Before (January 2024)
| Metric | Value |
|---|---|
| Critical path average duration | 175 minutes |
| Critical path missed 3:00 AM deadline | 3 times |
| CICS response time during batch window | 0.22 sec (within goal) |
| LPAR peak CPU during batch window | 91% |
| Standard batch completion by 6:00 AM | 94% |
After (March 2024)
| Metric | Value |
|---|---|
| Critical path average duration | 138 minutes |
| Critical path missed 3:00 AM deadline | 0 times |
| CICS response time during batch window | 0.31 sec (slightly above 0.25 goal, but acceptable) |
| LPAR peak CPU during batch window | 91% (unchanged — same capacity) |
| Standard batch completion by 6:00 AM | 97% |
Key outcomes:
-
Critical path duration dropped by 37 minutes (21%). Elevating BATCHCRT to importance 1 during the batch window gave critical-path jobs the dispatching priority they needed to compete effectively with residual online workload.
-
CICS response time increased slightly during the batch window (from 0.22s to 0.31s), exceeding the 0.25s goal. The team decided this was acceptable because: (a) the volume is 75% lower at night, (b) the slight delay is imperceptible to mobile banking users, and (c) the online SLA is measured over 24 hours, not per-interval.
-
No additional capacity was needed. The same hardware, reorganized by WLM, produced a 21% improvement in critical-path batch elapsed time. Kwame estimated this deferred a $1.8M capacity upgrade by 12–18 months.
-
Month-end reliability improved dramatically. The MONTHEND policy, which elevated standard batch and reporting to importance 2, ensured month-end processing completed consistently within the window.
Lessons Learned
Lesson 1: Do not keep online at importance 1 during the batch window if online volume is low. The previous configuration was a legacy from when the batch window started at 10:00 PM and online traffic was negligible. The mobile banking platform changed the economics, and the WLM configuration needed to reflect that.

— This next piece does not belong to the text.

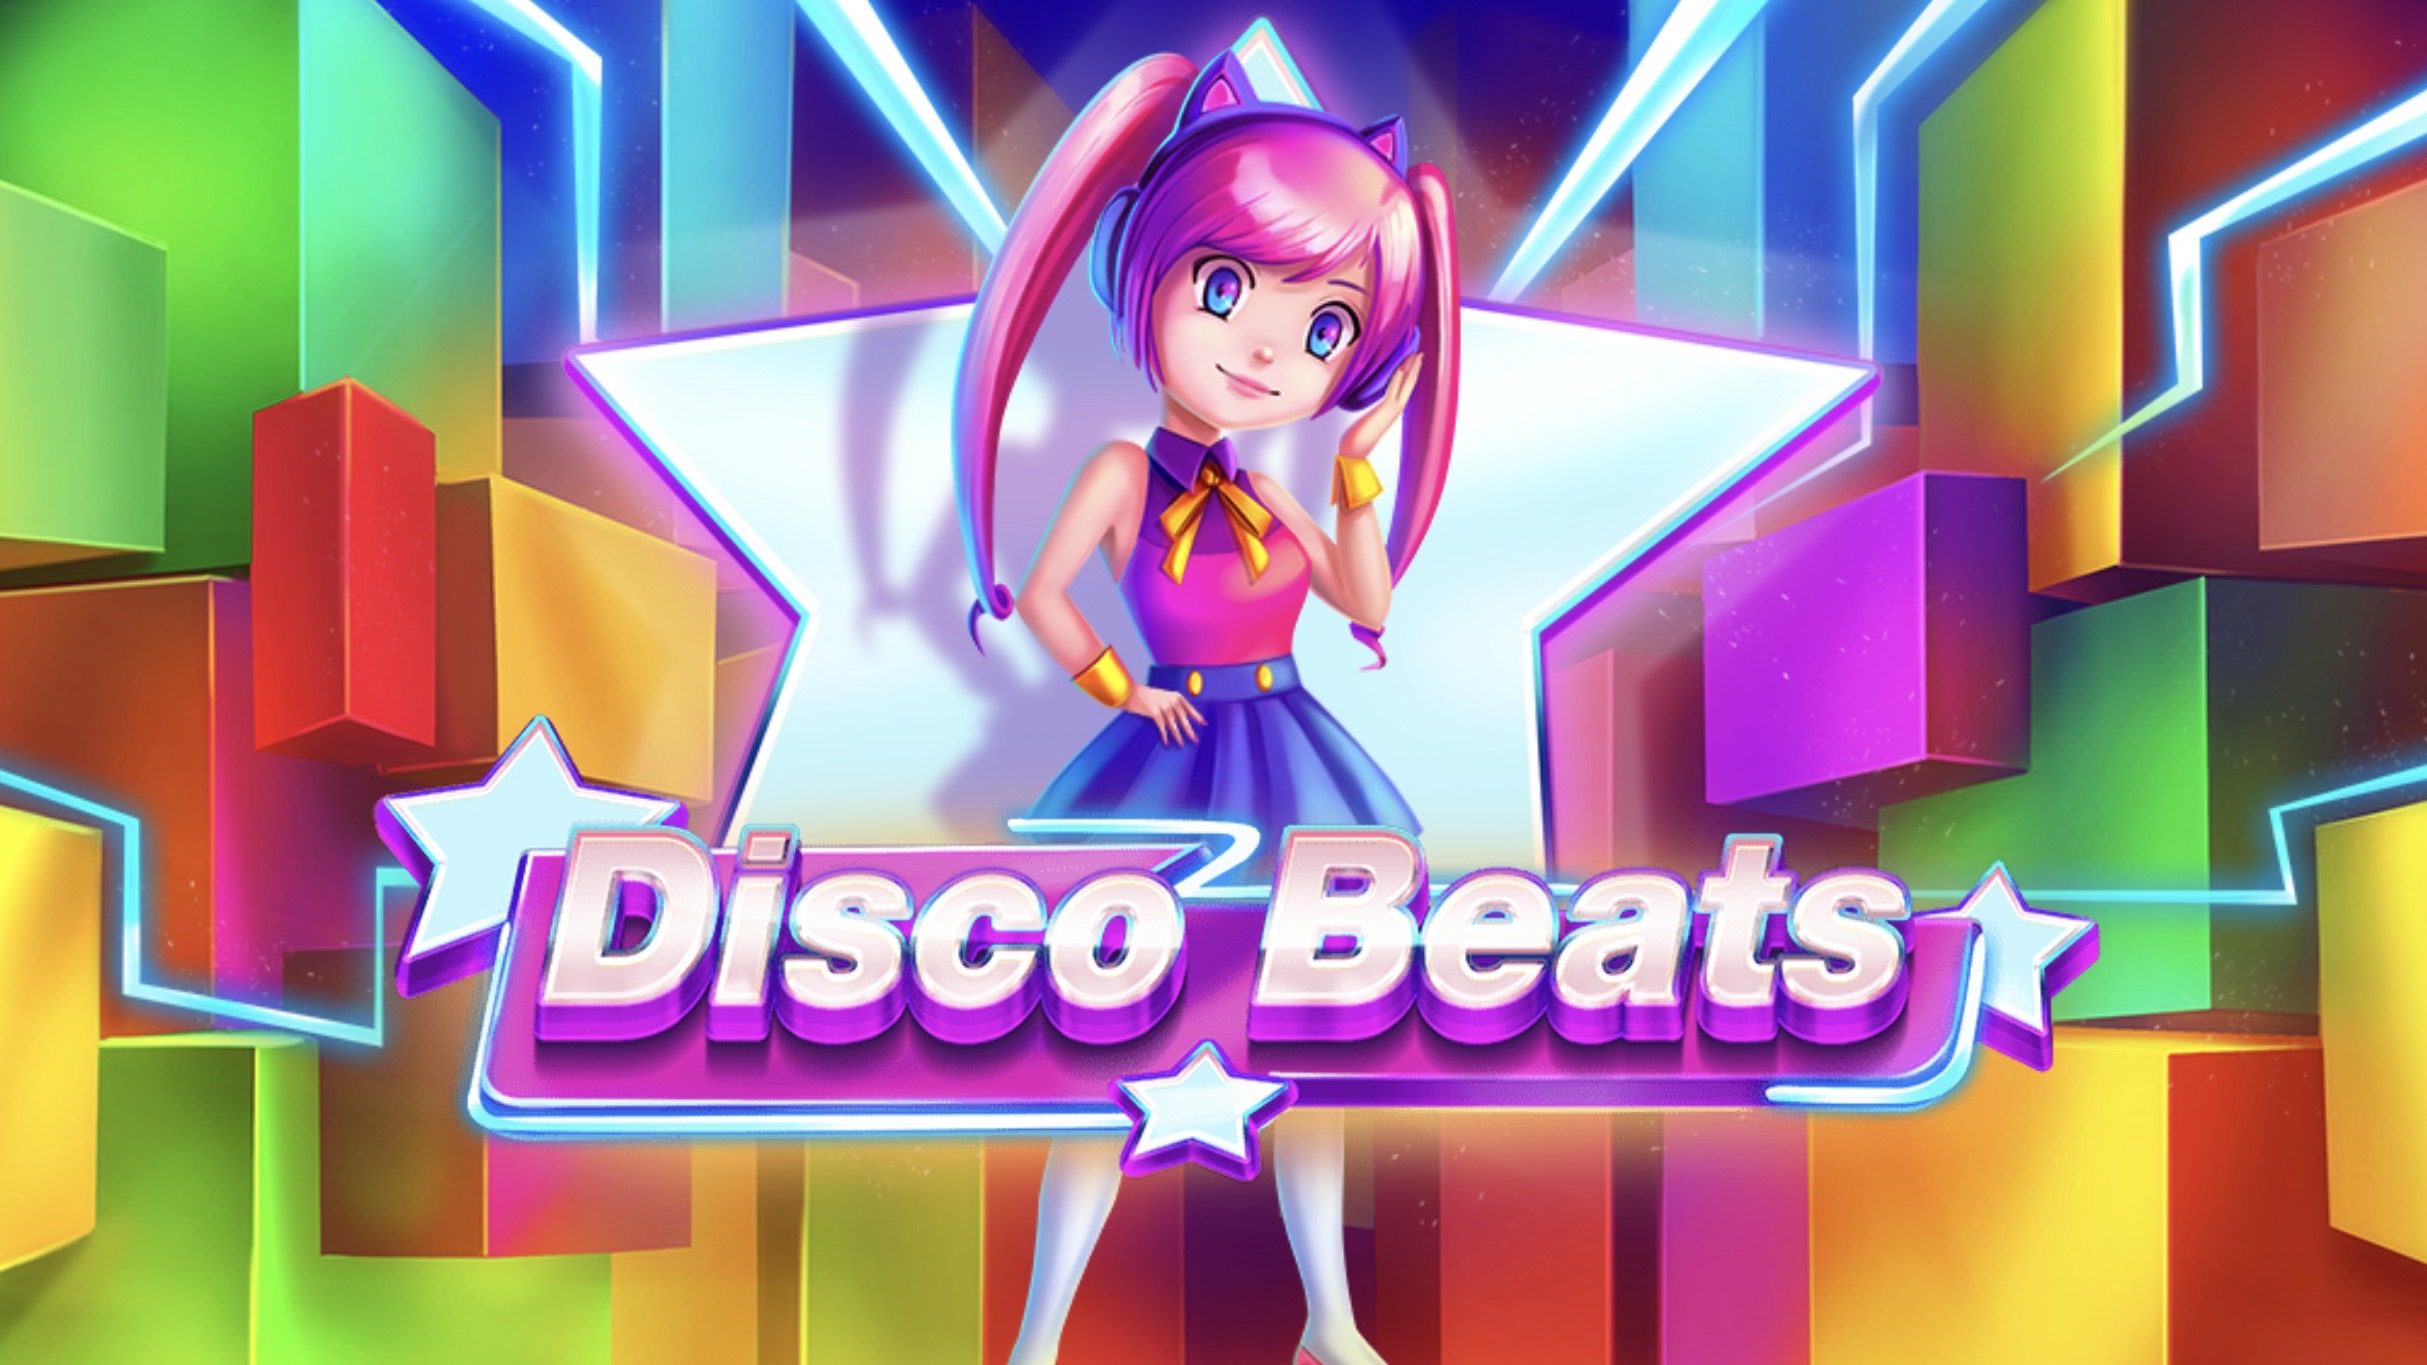 Disco Beats is a 3x3, 27-payline video slot that incorporates a maximum win potential of up to x10,000 the bet.

Lesson 2: Differentiate critical-path batch from standard batch. The original configuration treated all batch the same. Once the critical path was identified and classified separately, WLM could make intelligent trade-offs between critical and non-critical work.

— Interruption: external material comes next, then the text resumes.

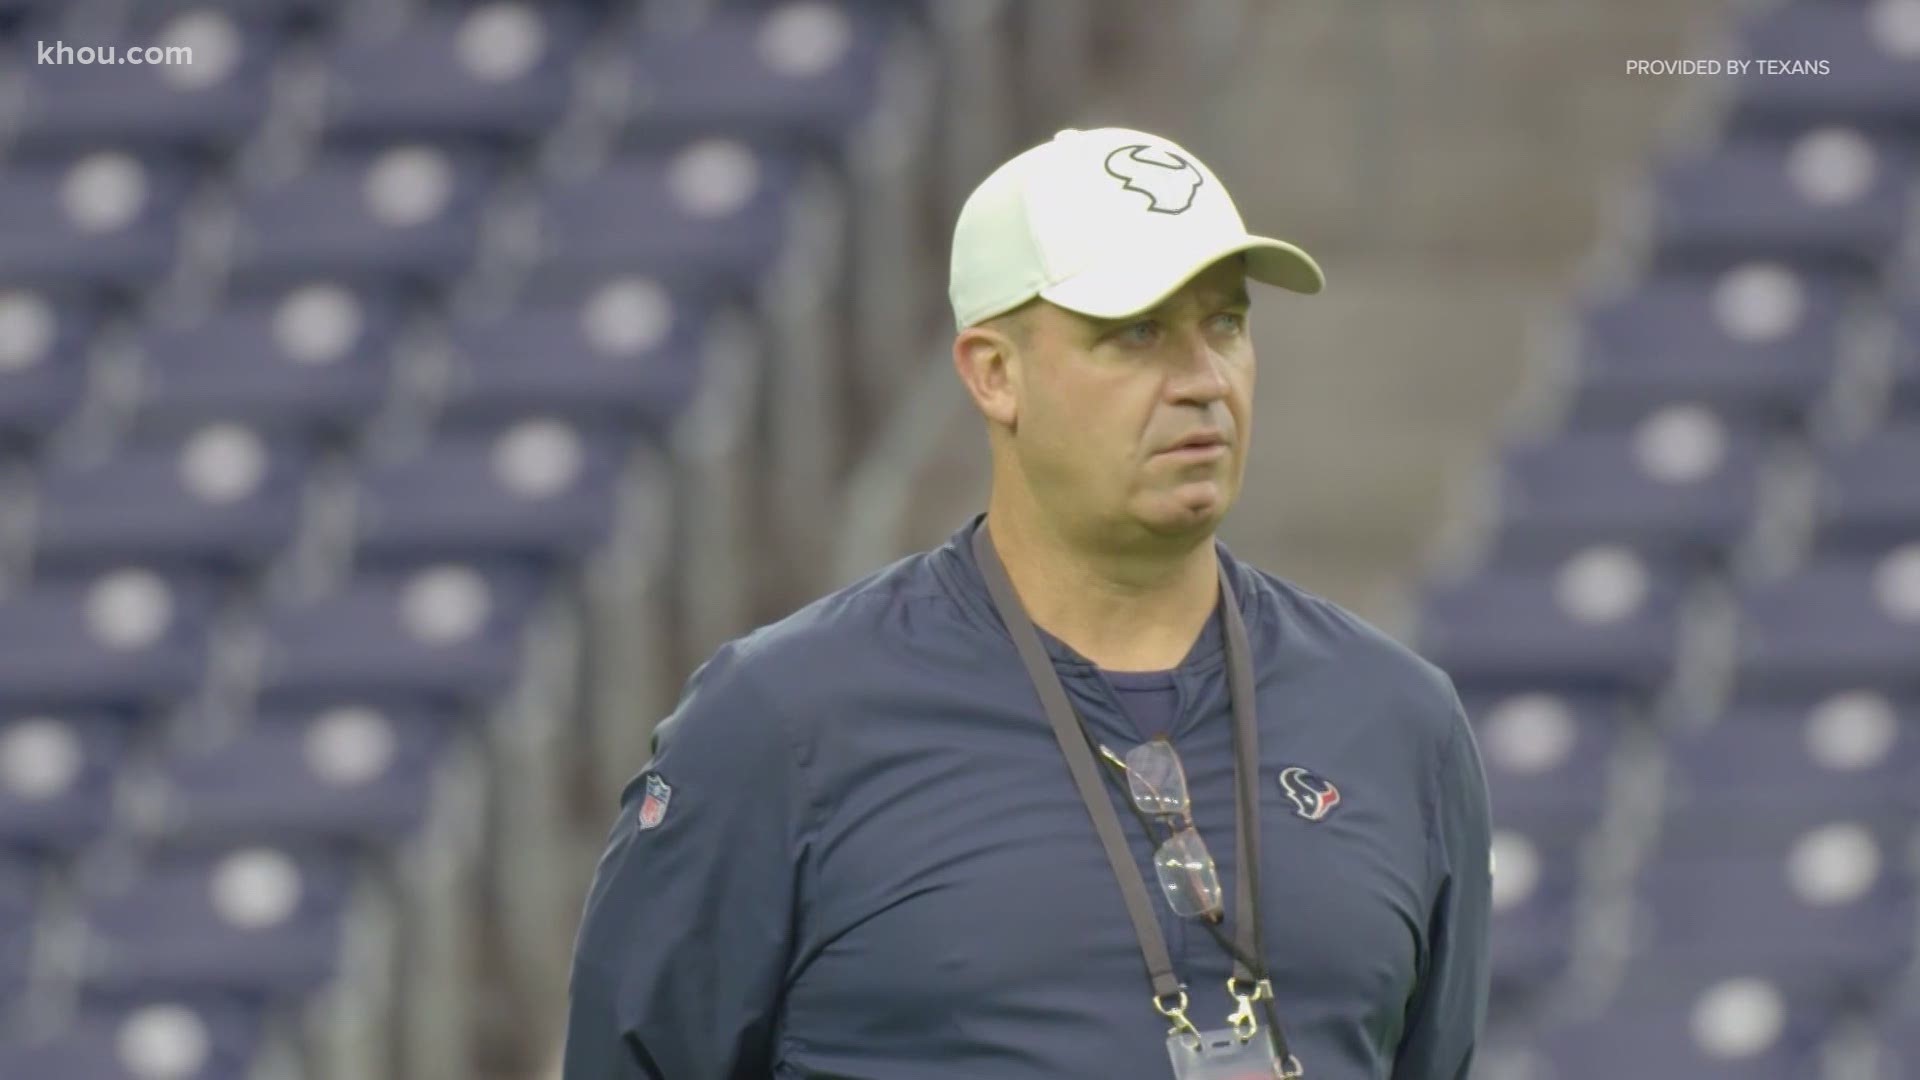 The Houston Texans fired head coach and general manager Bill O'Brien after an 0-4 start to the 2020 season.

Lesson 3: Accept measured degradation in low-priority windows. The slight increase in CICS response time during the batch window was a deliberate trade-off, not a failure. The team documented this decision and communicated it to the business.
Lesson 4: WLM changes can be as impactful as hardware upgrades. A $0 configuration change deferred a $1.8M hardware purchase. This is why WLM design is an architecture skill, not just a sysprog task.

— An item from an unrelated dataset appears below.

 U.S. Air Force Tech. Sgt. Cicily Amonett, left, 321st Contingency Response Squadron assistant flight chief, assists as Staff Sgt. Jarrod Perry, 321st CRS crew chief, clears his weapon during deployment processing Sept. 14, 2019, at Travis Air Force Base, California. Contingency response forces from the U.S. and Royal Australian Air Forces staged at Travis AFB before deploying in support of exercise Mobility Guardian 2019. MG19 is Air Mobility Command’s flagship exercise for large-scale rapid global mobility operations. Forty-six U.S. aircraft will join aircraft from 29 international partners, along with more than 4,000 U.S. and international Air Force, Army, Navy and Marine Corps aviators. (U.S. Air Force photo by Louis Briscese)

Lesson 5: Service definition changes need governance. Kwame instituted a formal quarterly review process after this incident. Every stakeholder — online, batch, DBA, operations, business — has a seat at the table.
Discussion Questions
-
CNB accepted a slight CICS response time degradation during the batch window. Under what circumstances would this trade-off be unacceptable? How would you design around it?
-
The MONTHEND policy elevates BATCHSTD to importance 2. What would happen if month-end coincided with a major online banking promotion (e.g., a marketing campaign driving midnight mobile traffic)? How would you handle the conflict?
-
CNB has four LPARs with differentiated workload profiles. Would the redesigned service definition work differently on CNBP1 (online-heavy) vs. CNBP4 (batch-heavy)? Why or why not?
-
The analysis revealed 91% CPU utilization at midnight. If traffic continues to grow, when will WLM optimization no longer be sufficient? What leading indicators would you monitor?
-
Rob Calloway automates the policy switch at 11:00 PM. What risks does automated policy switching introduce? What safeguards should be in place?